Hungarian Prime Minister Viktor Orbán has repeatedly affirmed his commitment to reducing the debt to GDP ratio; however, the plan in place was hinged on an annual growth rate of 3% over the 2010 annum. These changes in the economic landscape of Hungary spell a missing HUF 100 billion which will have to be made up elsewhere if Organ is as committed as he appears in reducing the budget deficit to 2.94%. Coming up with HUF 100 billion in an economy which has the second lowest employment rate in the EU – 27 and has already cut out a pillar of its pension fund to finance it seems hard to fathom. The future of the GDP growth rate is a critical element to bringing Orban’s plan to fruition.

Several factors play a part in the change of fortunes for the national figure of the Hungarian GDP; however, Orbán estimates that the turn of tides shan’t knock the country off track in getting below a 3% debt to GDP ratio. Orbán's stance toward reaching the debt to GDP ratio goal is rock solid, nearly nothing, not even a percentage point GDP downturn can shake it. The question remains in how Hungary will manage this if growth does not improve?

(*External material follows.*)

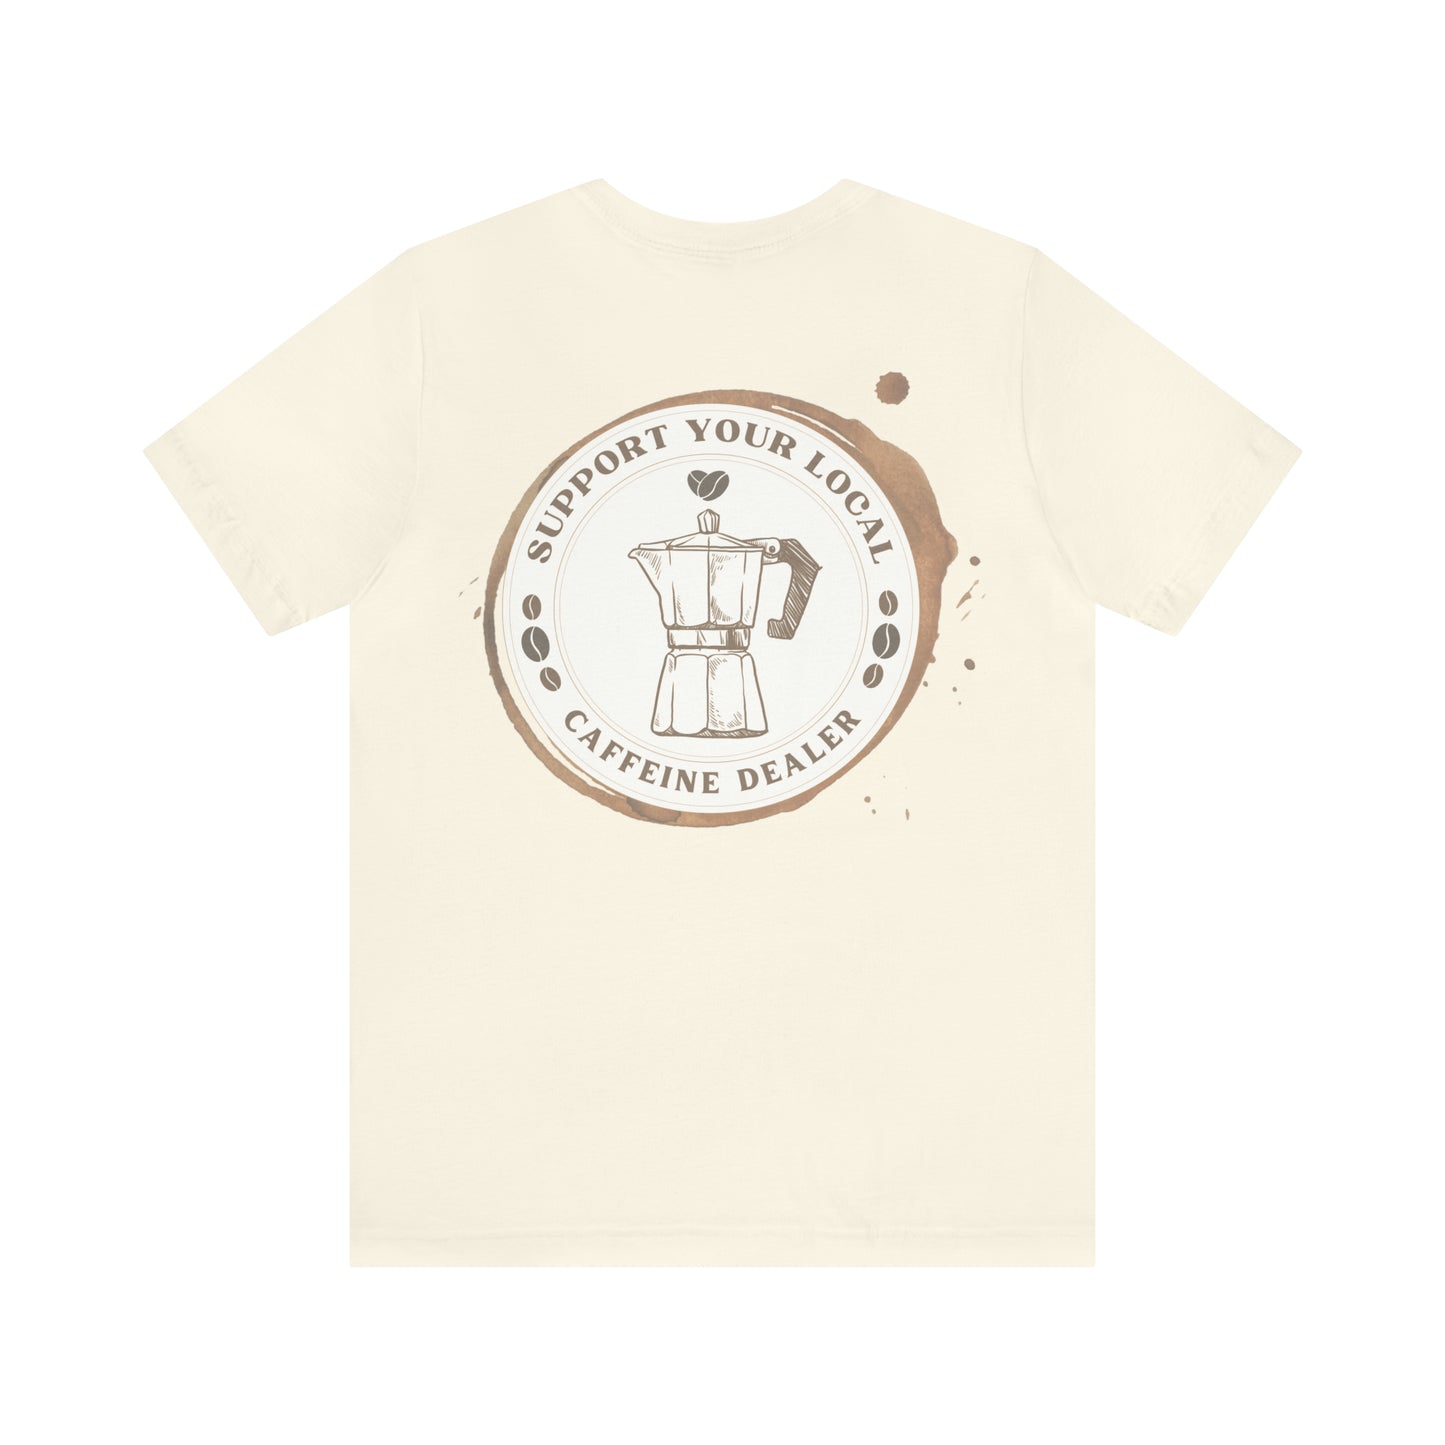 Support your Local Caffeine Dealer t-shirt | Coffee | Graphic Tee 2

On May 16, the GDP growth rate for 2011 was revised down from 3% to 2.6%, as data about the year showed less promising news. Hungarian economist Zoltan Arokszallasi estimated an annual growth rate of 2.7% for the 2011 year, based on similar data and trends available at that time. The economic fortunes in the second quarter, however, were hindered due to larger forces that played their hand in the Hungarian game.

The German Wallet

The January to March growth rate reached a robust 2.4%, helped out by the 1.3% expansion of the Eurozone’s largest economy, Germany. 60% of products made or assembled in Hungary are bound for Germany, thus a downturn or an upswing of the EU powerhouse resonates heavily in the Hungarian economy. Despite the increase in exports during the January to March period, domestic demand was holding the Hungarian economy back, according to Arokszallasi from Erste Bank AG. This information lead some analysts to conclude that the 2.7% GDP growth could be achieved by year-end, and although this figure would be slightly lower than previously expected, it wouldn’t necessitate such a significant recalculation of the country’s financial planner, if it held at 2.7%.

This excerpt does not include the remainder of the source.